Task to carry out ::
Exercise in exact copying: restate word for word only the lines below from the one containing "Driftwood heart wall decor" through the one containing "Hallituksen jäsenistä erovuorossa", omitting any pictures.

Recorded information ::
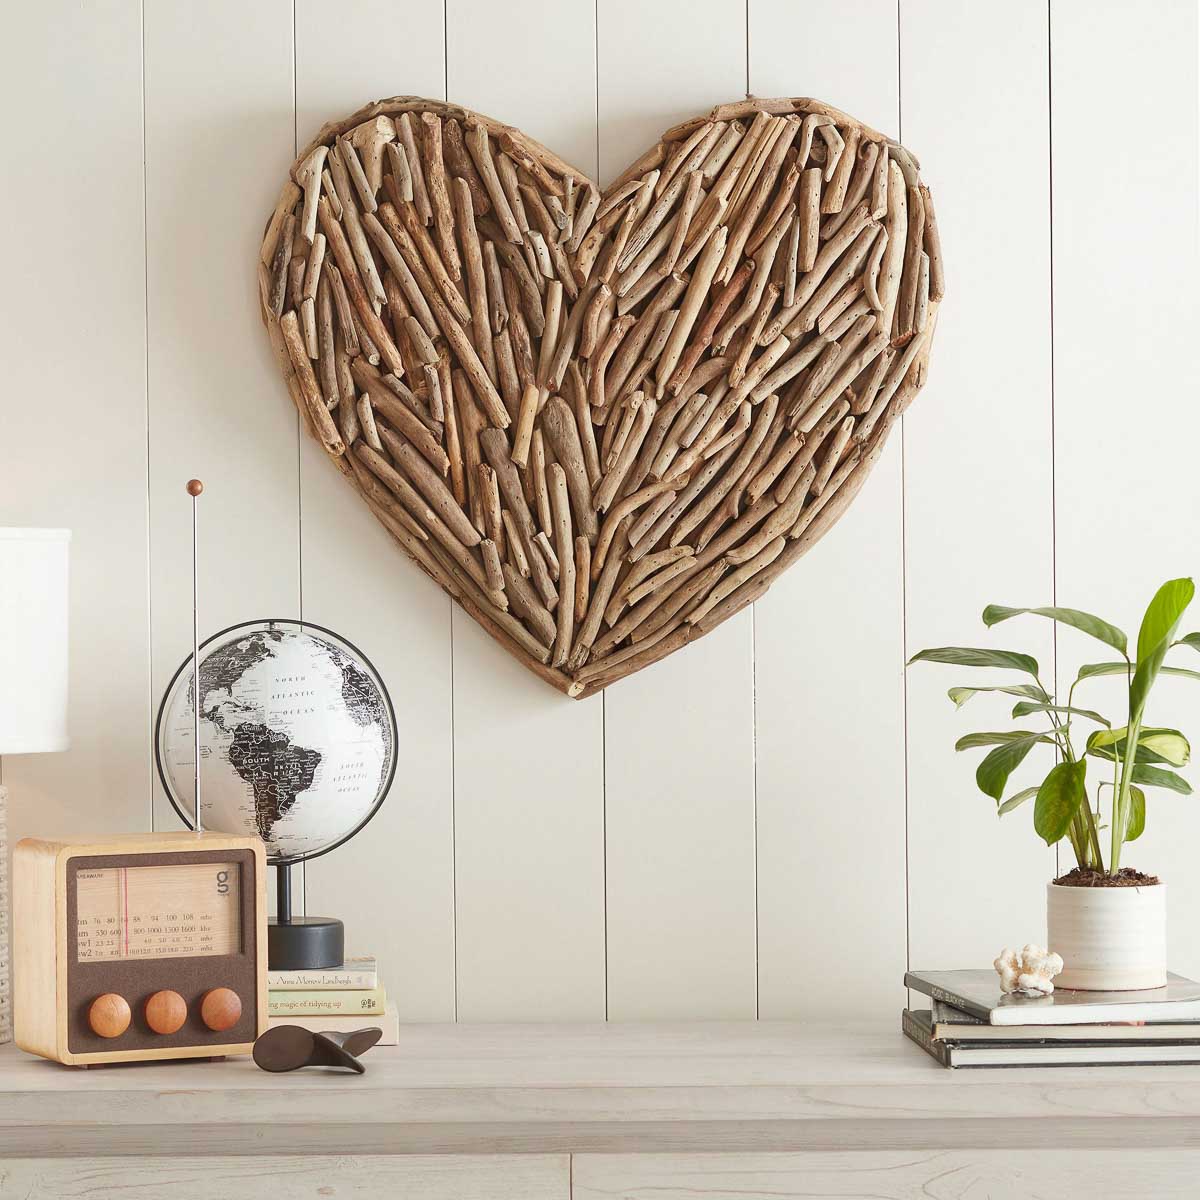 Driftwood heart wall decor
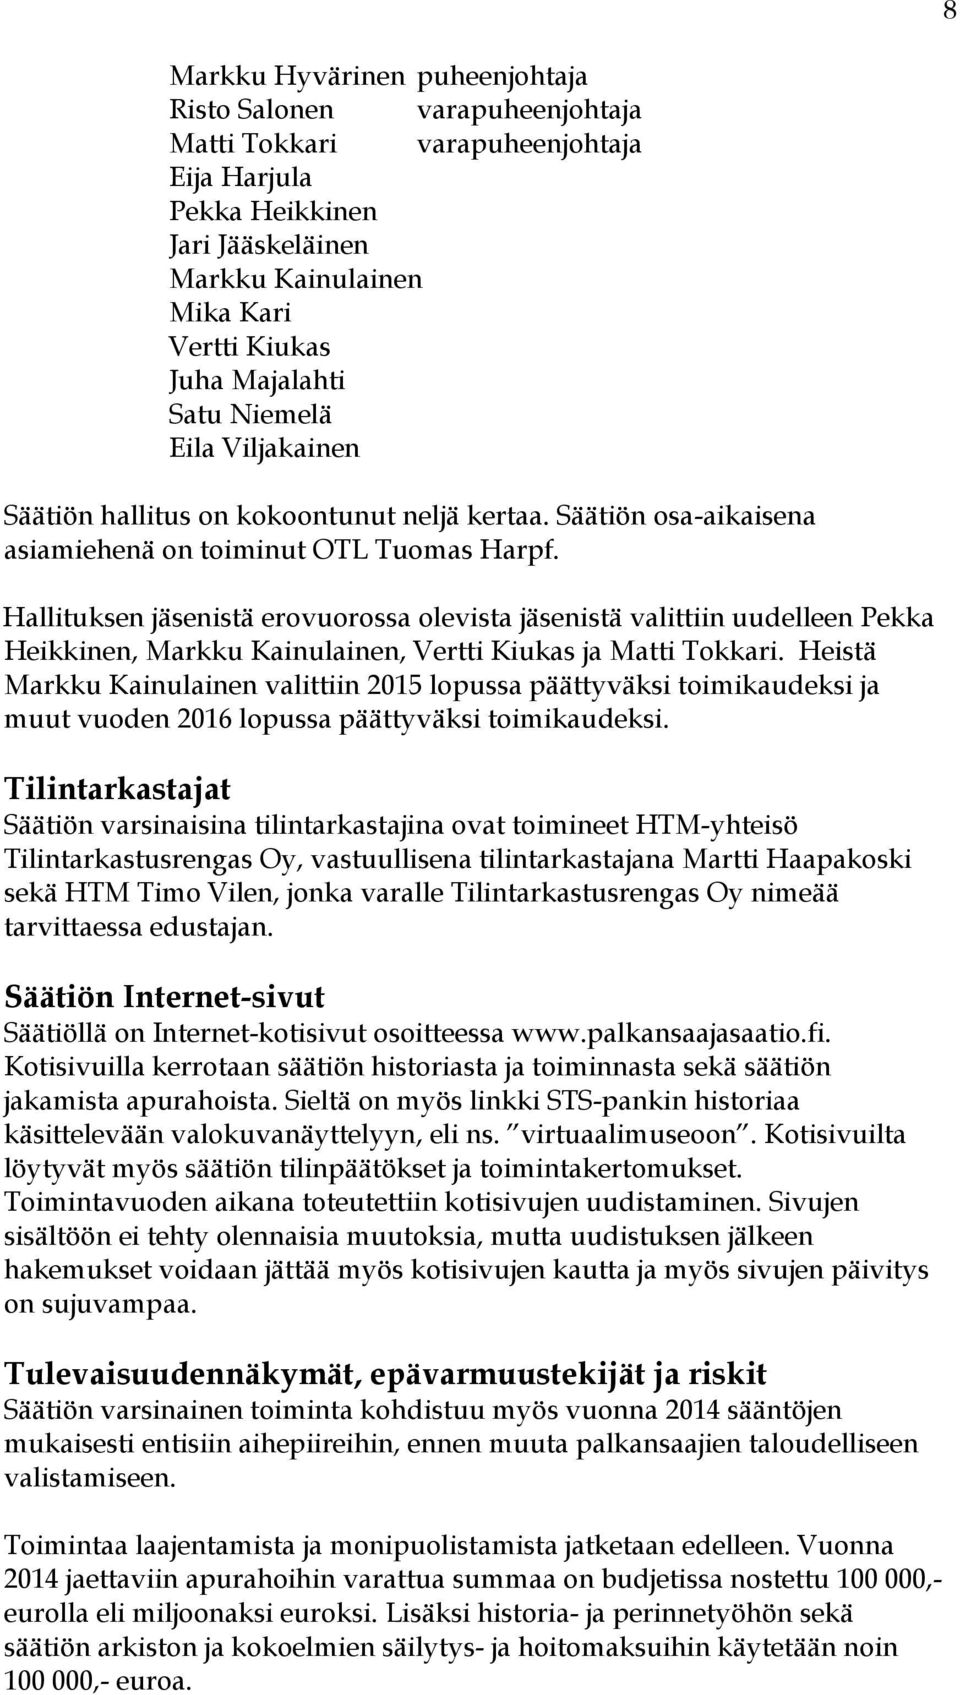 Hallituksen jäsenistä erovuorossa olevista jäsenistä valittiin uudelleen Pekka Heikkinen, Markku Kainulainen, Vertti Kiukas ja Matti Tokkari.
...
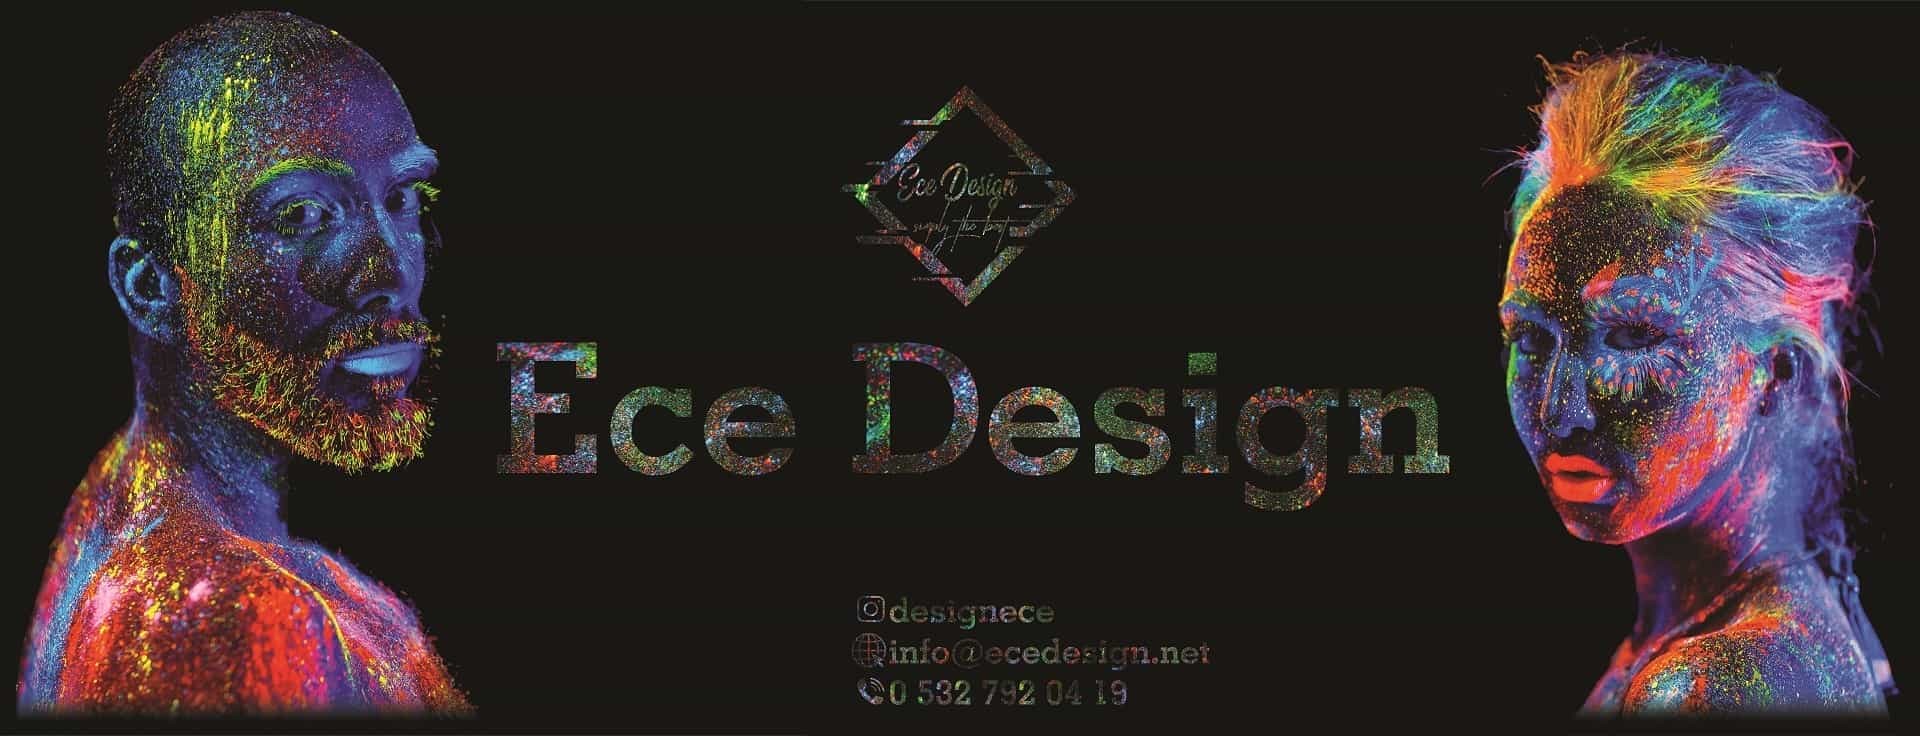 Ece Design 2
...
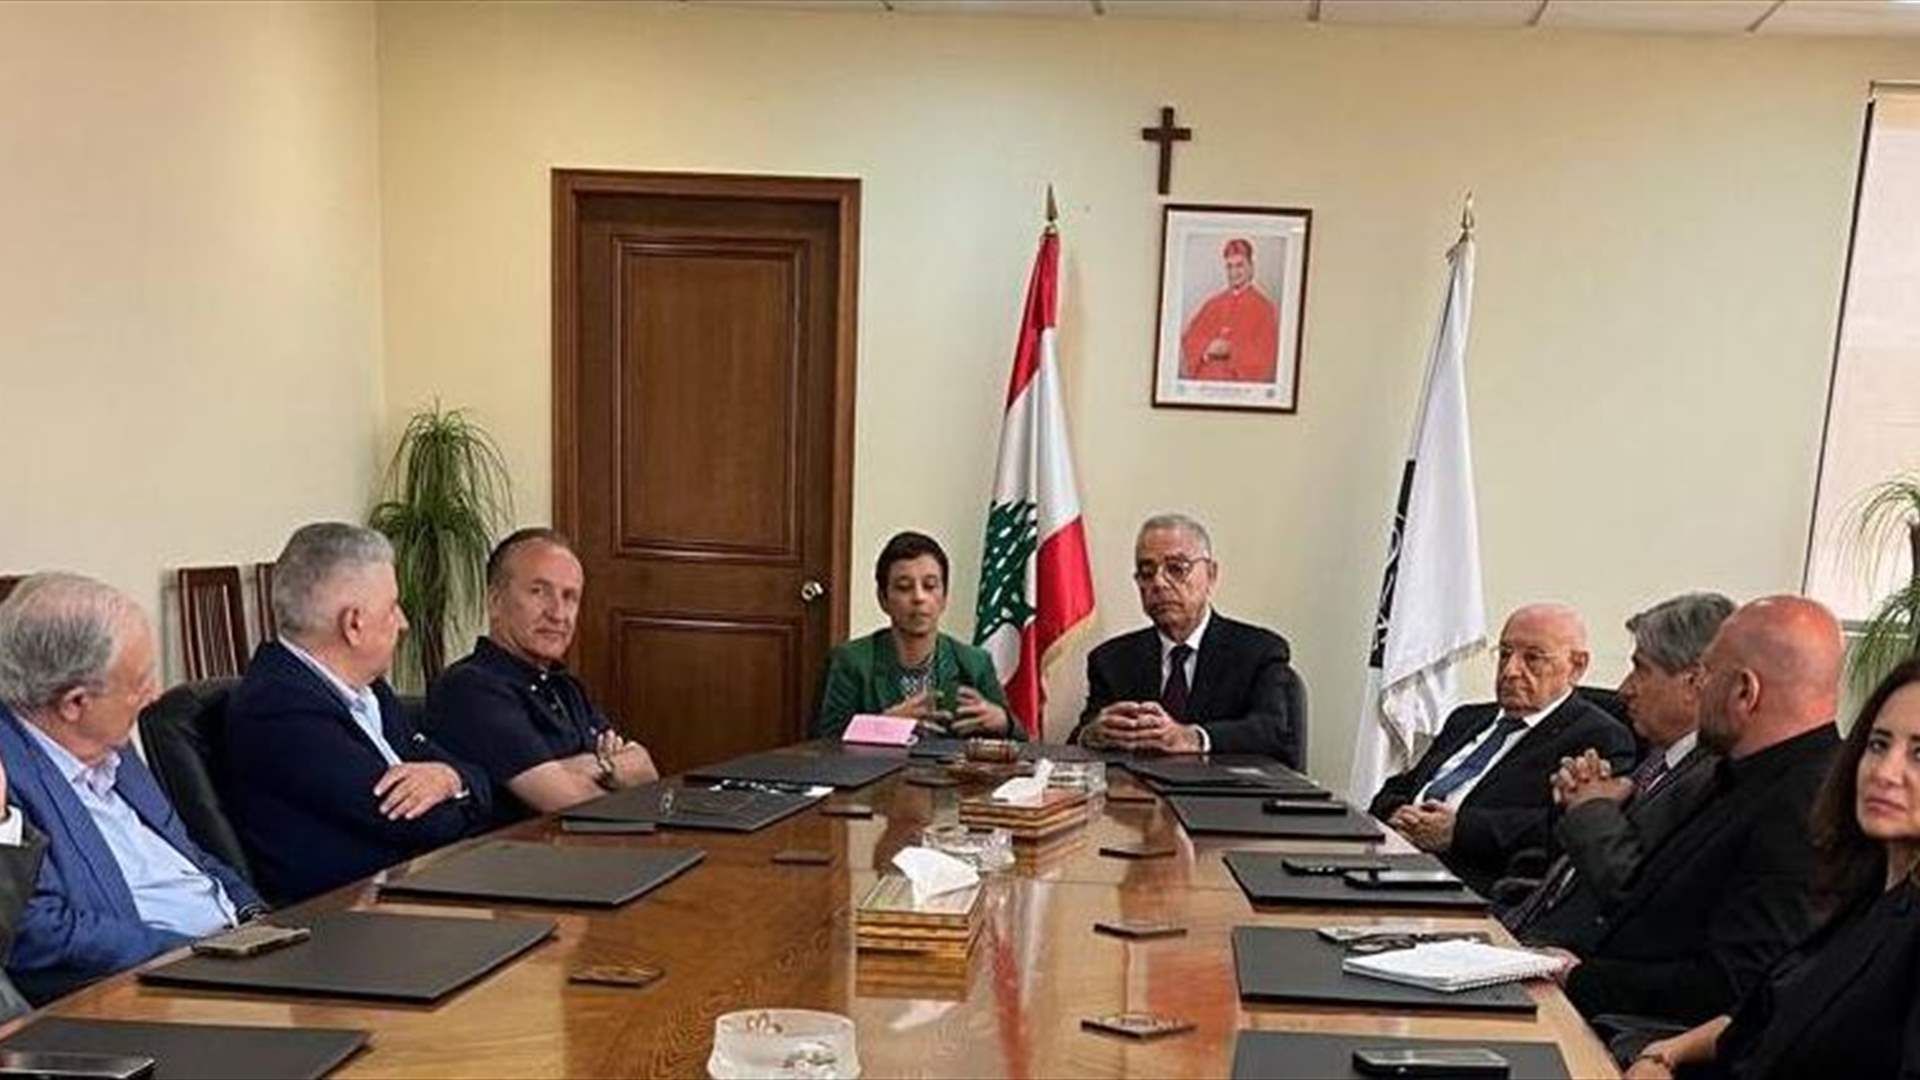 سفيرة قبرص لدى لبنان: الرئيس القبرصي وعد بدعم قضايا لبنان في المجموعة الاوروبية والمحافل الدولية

Response to this exercise ::
 Driftwood heart wall decor
 Hallituksen jäsenistä erovuorossa olevista jäsenistä valittiin uudelleen Pekka Heikkinen, Markku Kainulainen, Vertti Kiukas ja Matti Tokkari.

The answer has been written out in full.